An interesting Ontario story appeared in the Vancouver Sun in 1946, about a headless woman’s ghost wearing a skirt. The four-paragraph article said she had been seen near the secret site of Tecumseh’s grave. This is fascinating, as Tecumseh was a famous chief who tried to unite Indigenous groups against American expansion. He allied with the British during the War of 1812 and was killed in 1813. His confederacy then collapsed and he became a romanticized folk hero. The woman’s ghost had only been seen in an area rumoured to be his burial site, but it was deemed important enough to be included as part of the report.

“The Ghost of Graveyard Flats” by Bjarne Kirchhoff appeared in the Vancouver Sun in 1950. Kirchhoff was a pulp writer whose credits include an online-available science fiction story and a handful of publications in the Sun. It’s difficult to know where else he was published, but it’s notable his Indigenous burial ground was thought to be haunted by a wendigo 33 years before Stephen King’s was.

The Times Colonist reported a Comox haunting in 1966 that eventually made its way into several books. Earlier 1940’s versions were of a mist-like apparition one witness claimed became a woman who danced a couple of steps. By the 1960s, “Bloody Mary” had transformed into an Indigenous woman another witness said was “young and well-stacked.” Later books called her Dancing Mary. The story evolved to include either her grave or a massacre site. It’s a confusing story, as there are paranormal reports possibly unrelated to her and a settler cemetery involved.

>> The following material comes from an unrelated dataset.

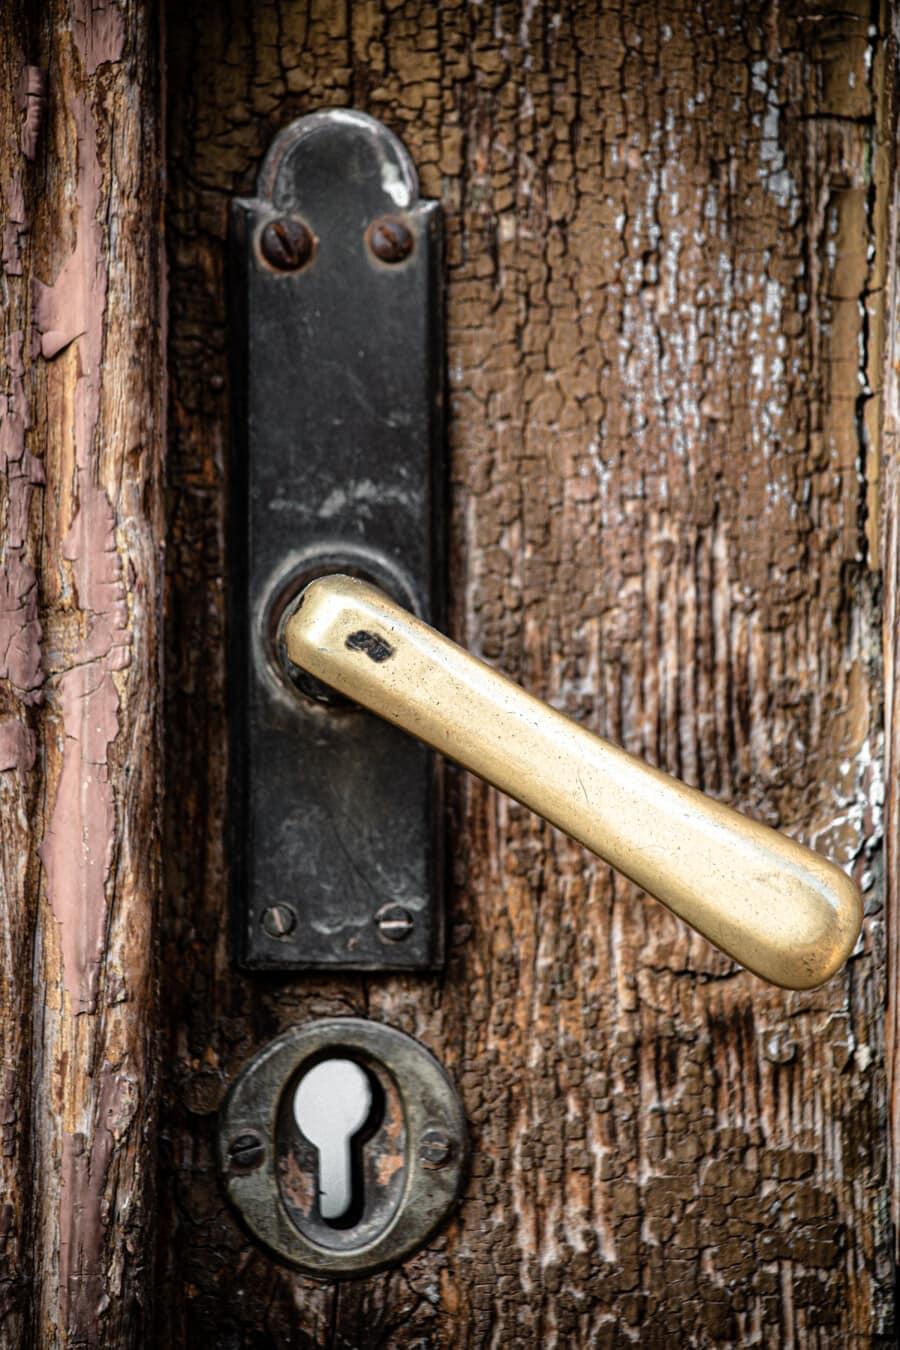 vor der Tür, Tür, Verfall, Grunge, alt, Holz, aus Holz, Handle, catch, Riegel

In 1958, Colonist reporter Bert Benny said he was disappointed with how few hauntings there were to write about in our province’s capital of Victoria. By the 1980s, there were many more thanks to local ghost hunters Robin Skelton and Jean Kozacari—both who claimed to have psychic abilities. Ghost tourism arrived soon thereafter and Victoria became first “very haunted,” then one of the most haunted cities in Canada. The two most common reasons given are the city’s proximity to water and it being built on an Indigenous burial ground. To someone who has lived in the Southwestern United States and Afghanistan, as well as travelled in India, the water theory sounds childlike, but it’s the burial ground stories that are shameful.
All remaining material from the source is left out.